*** Data excerpt Section Begins ***

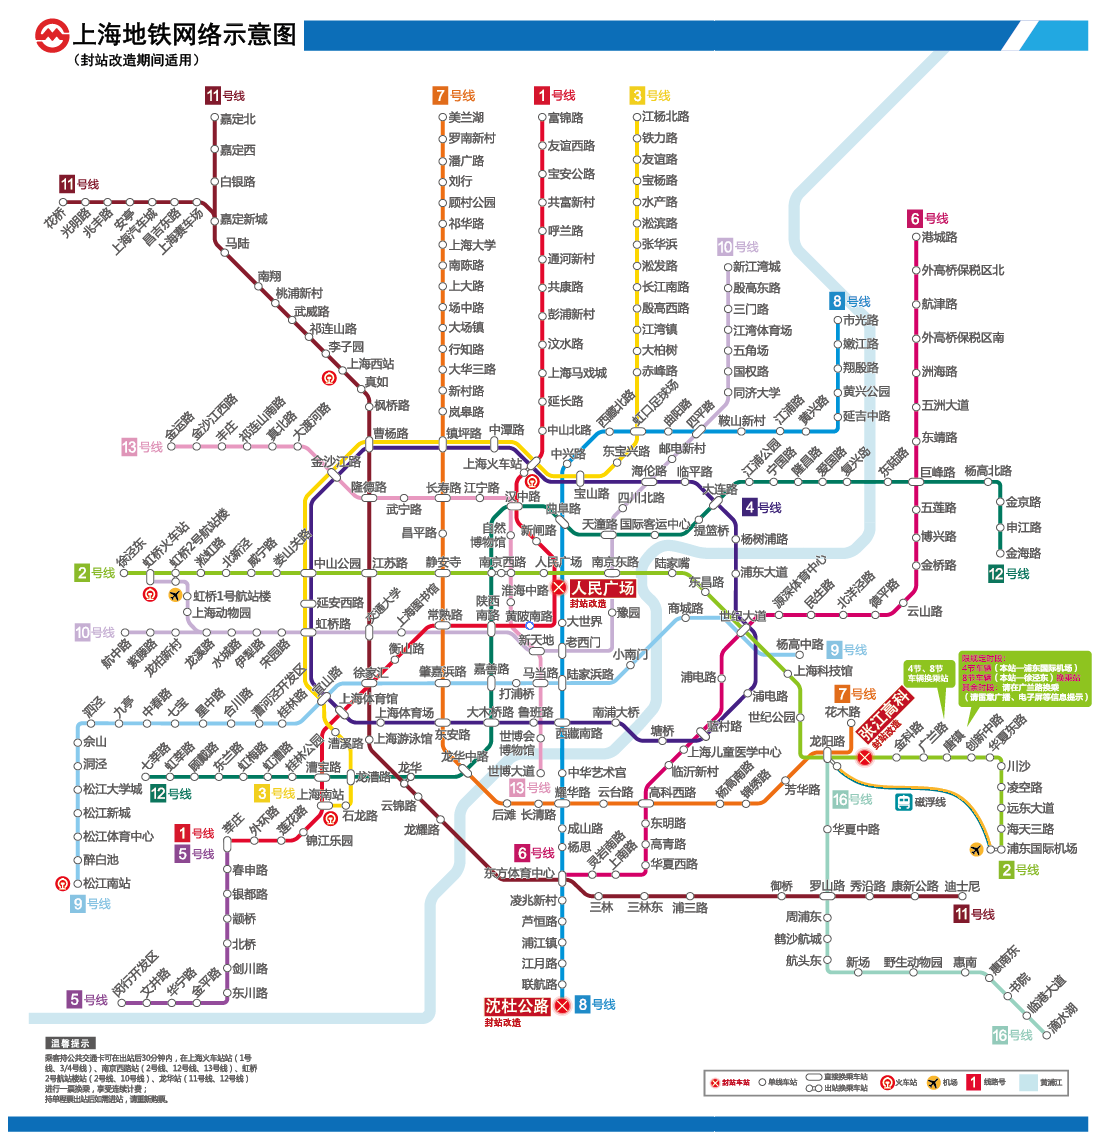 图说:春节期间上海地铁运营线路图 地铁供图
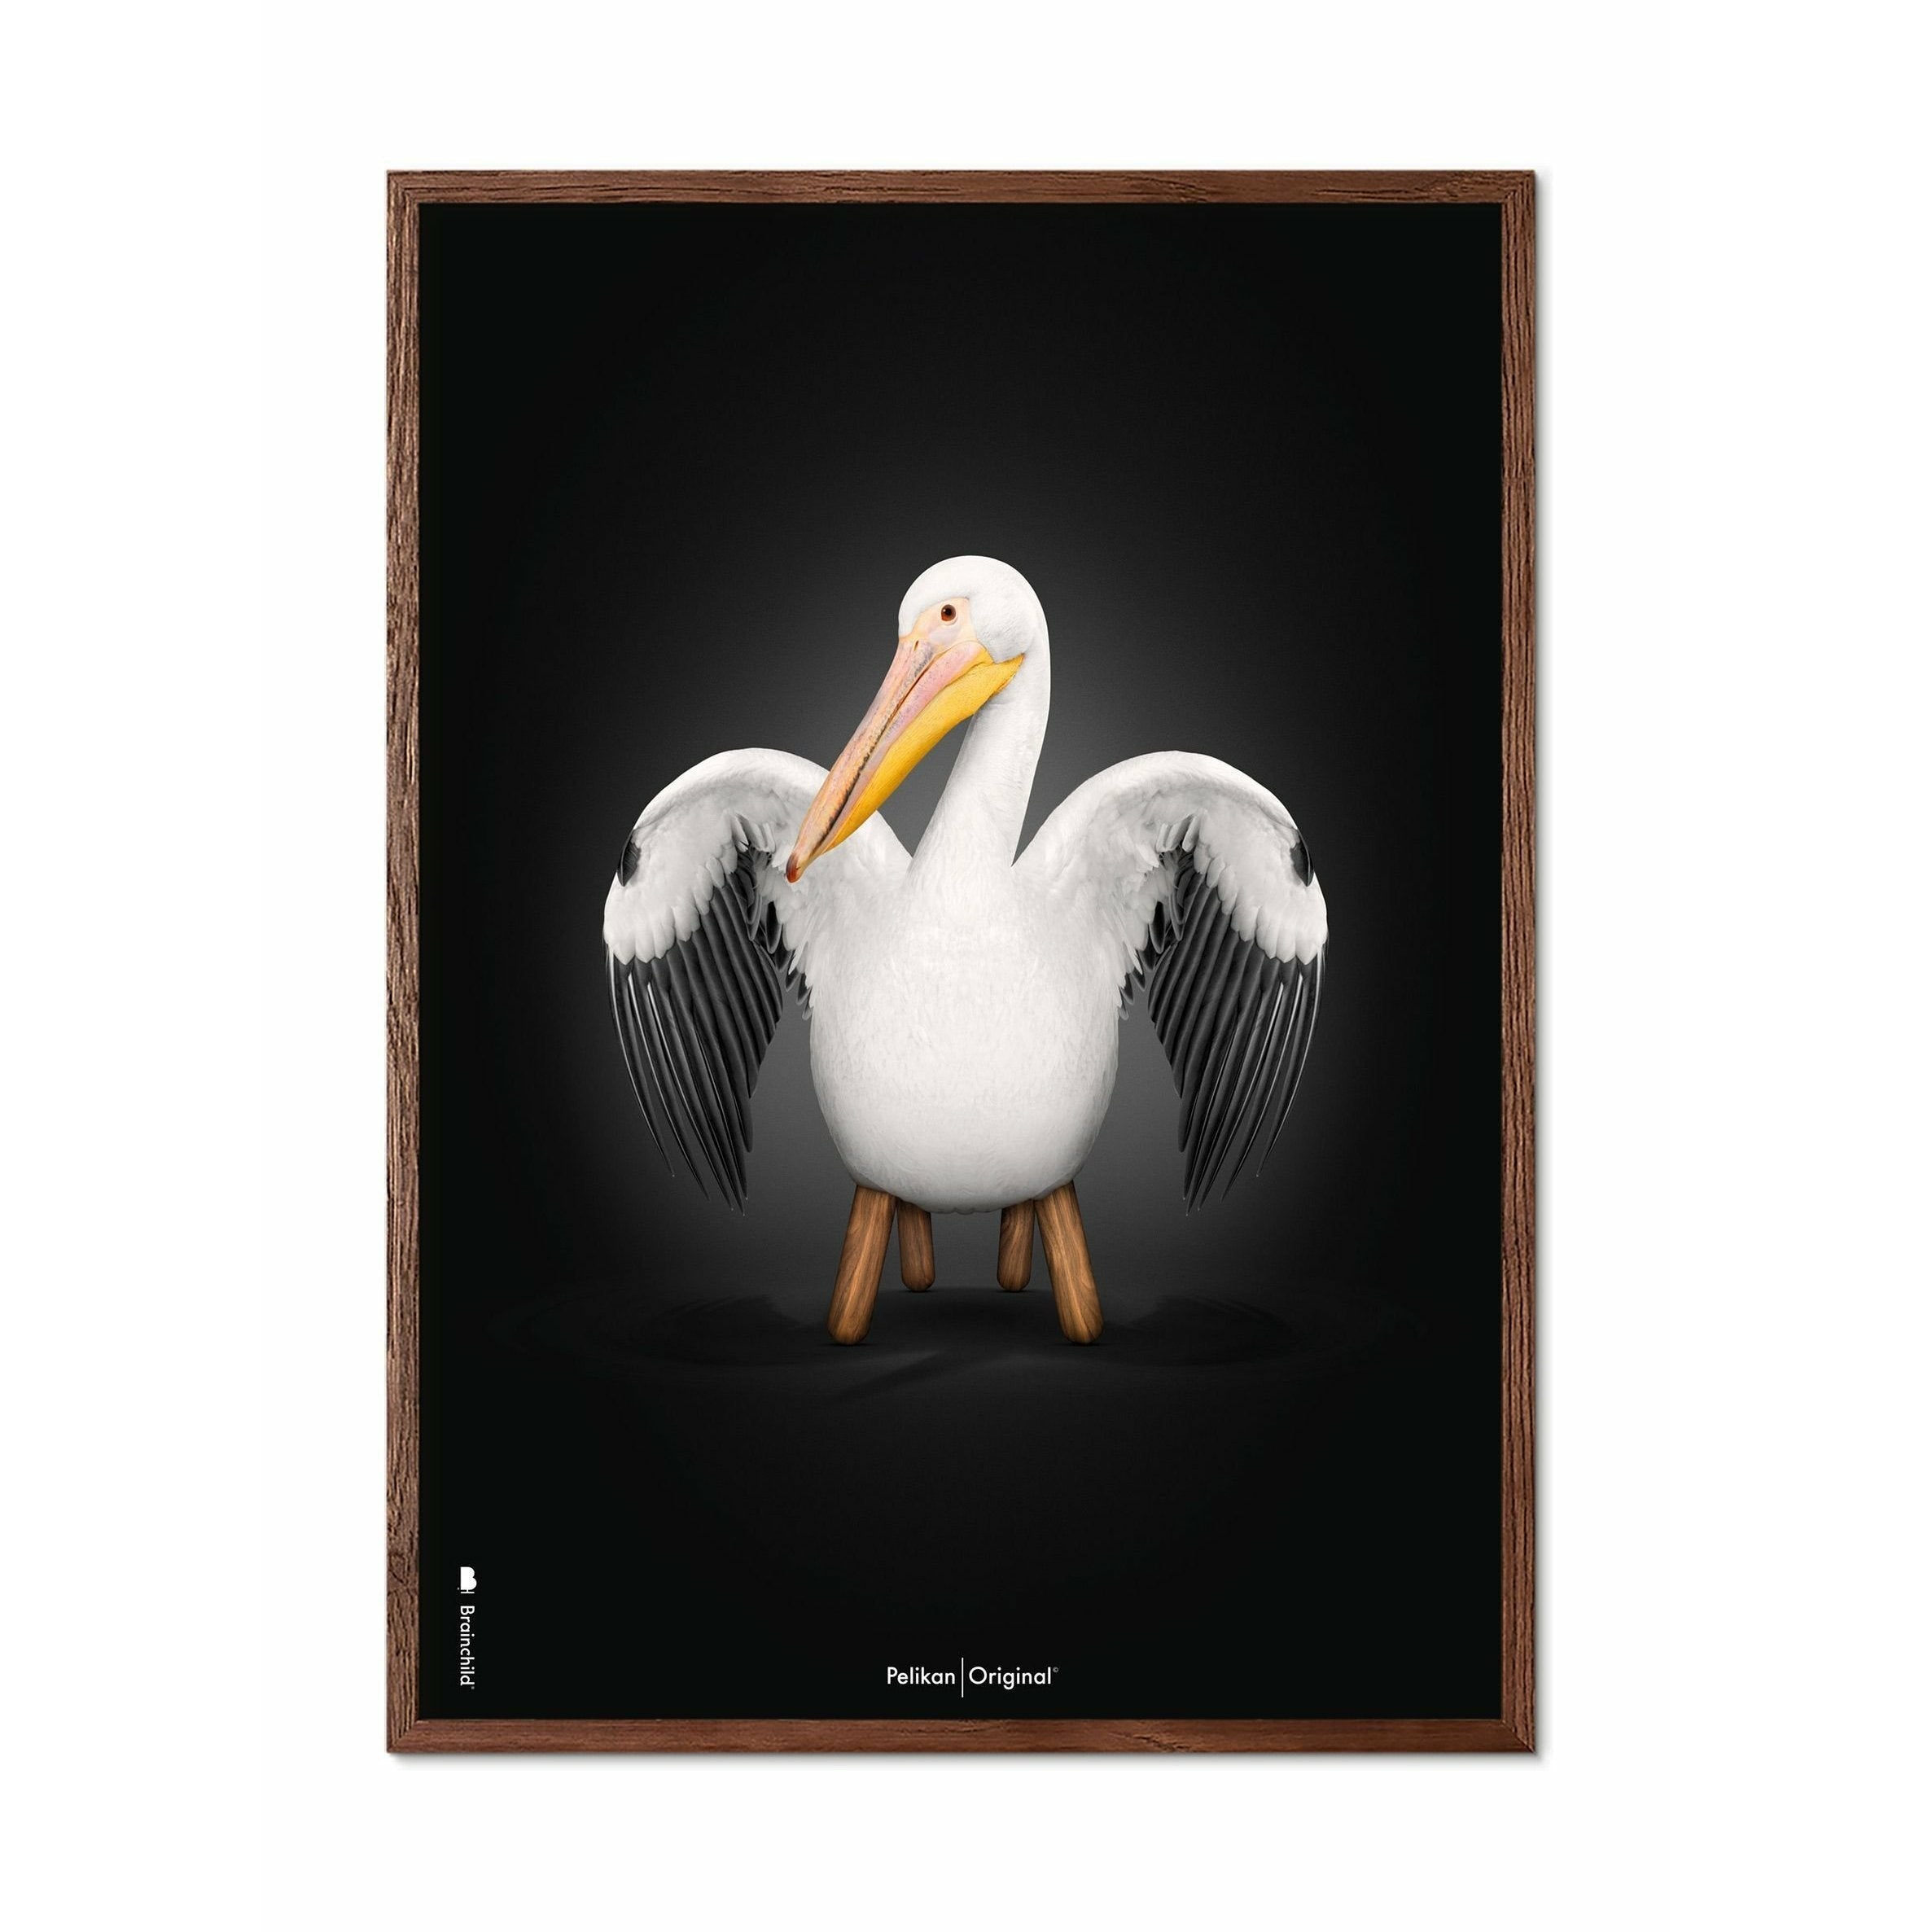 Brainchild Poster classique Pelikan, cadre en bois foncé 30x40 cm, fond noir
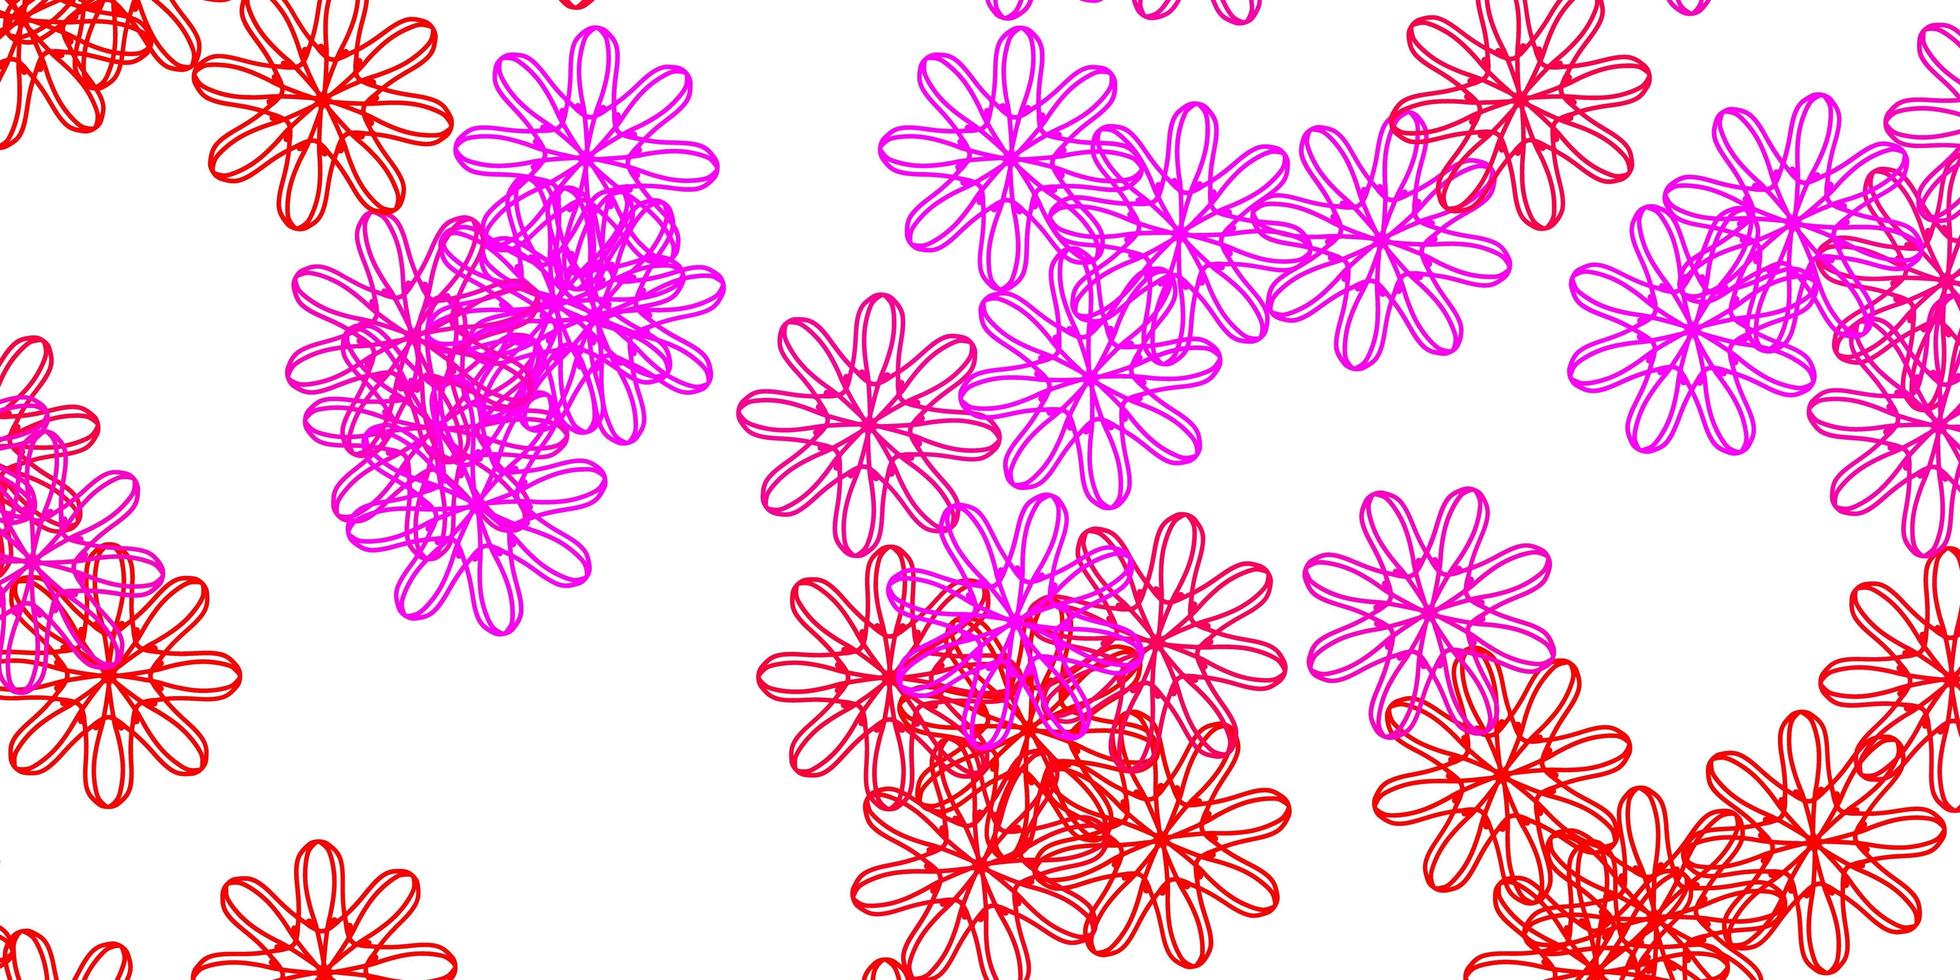 arte natural do vetor rosa claro com flores.
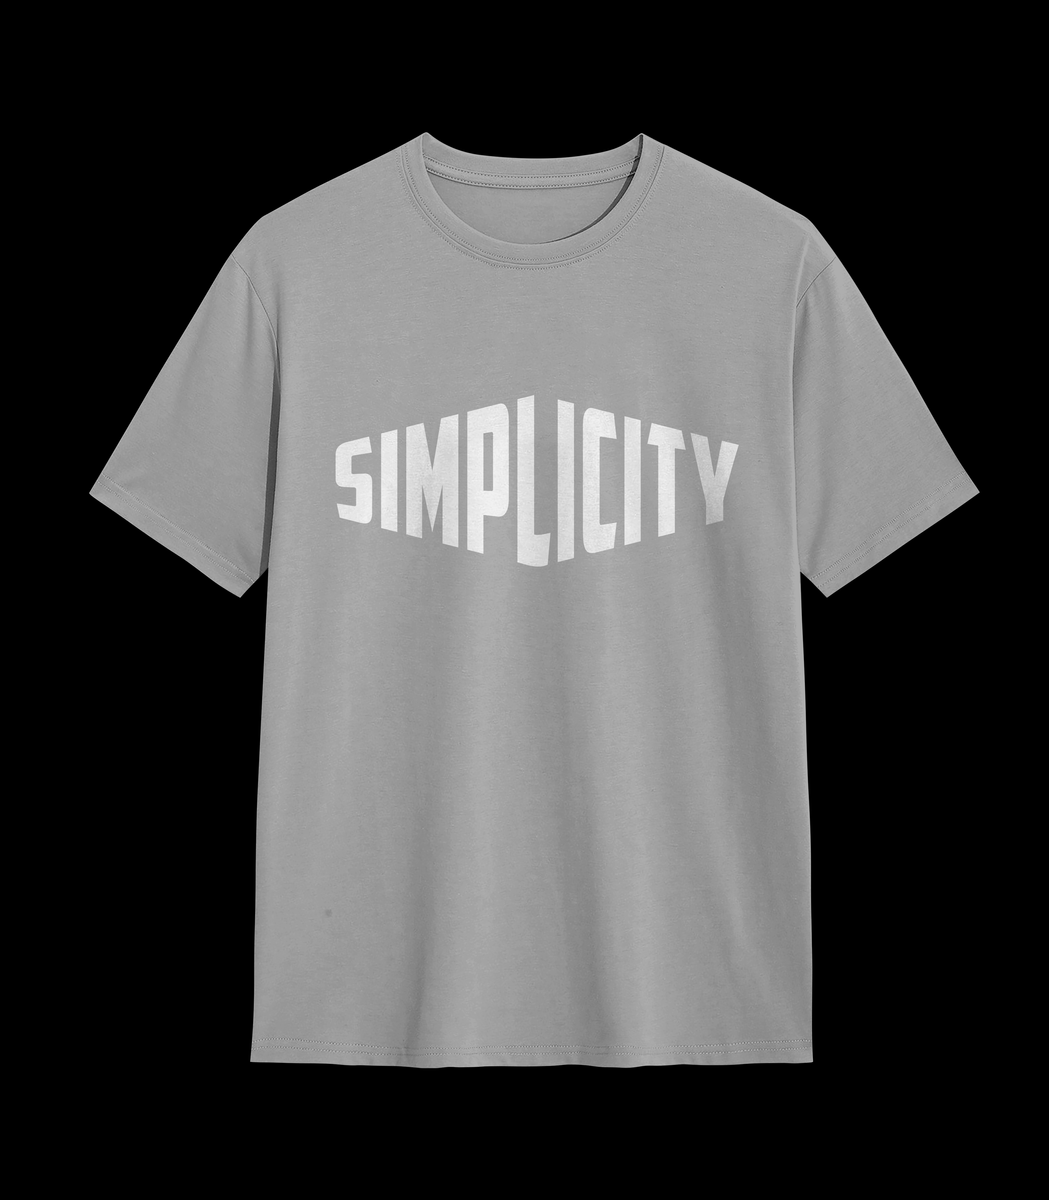 Nome do produto: SIMPLICITY

*** Data excerpt Section Ends ***

Requirement:
Only the lines from the one with "Brainchild Poster classique" through the end of the data, both ends included, should be written out exactly, and no pictures should appear.

Exercise answer:
 Brainchild Poster classique Pelikan, cadre en bois foncé 30x40 cm, fond noir
 arte natural do vetor rosa claro com flores.
 Nome do produto: SIMPLICITY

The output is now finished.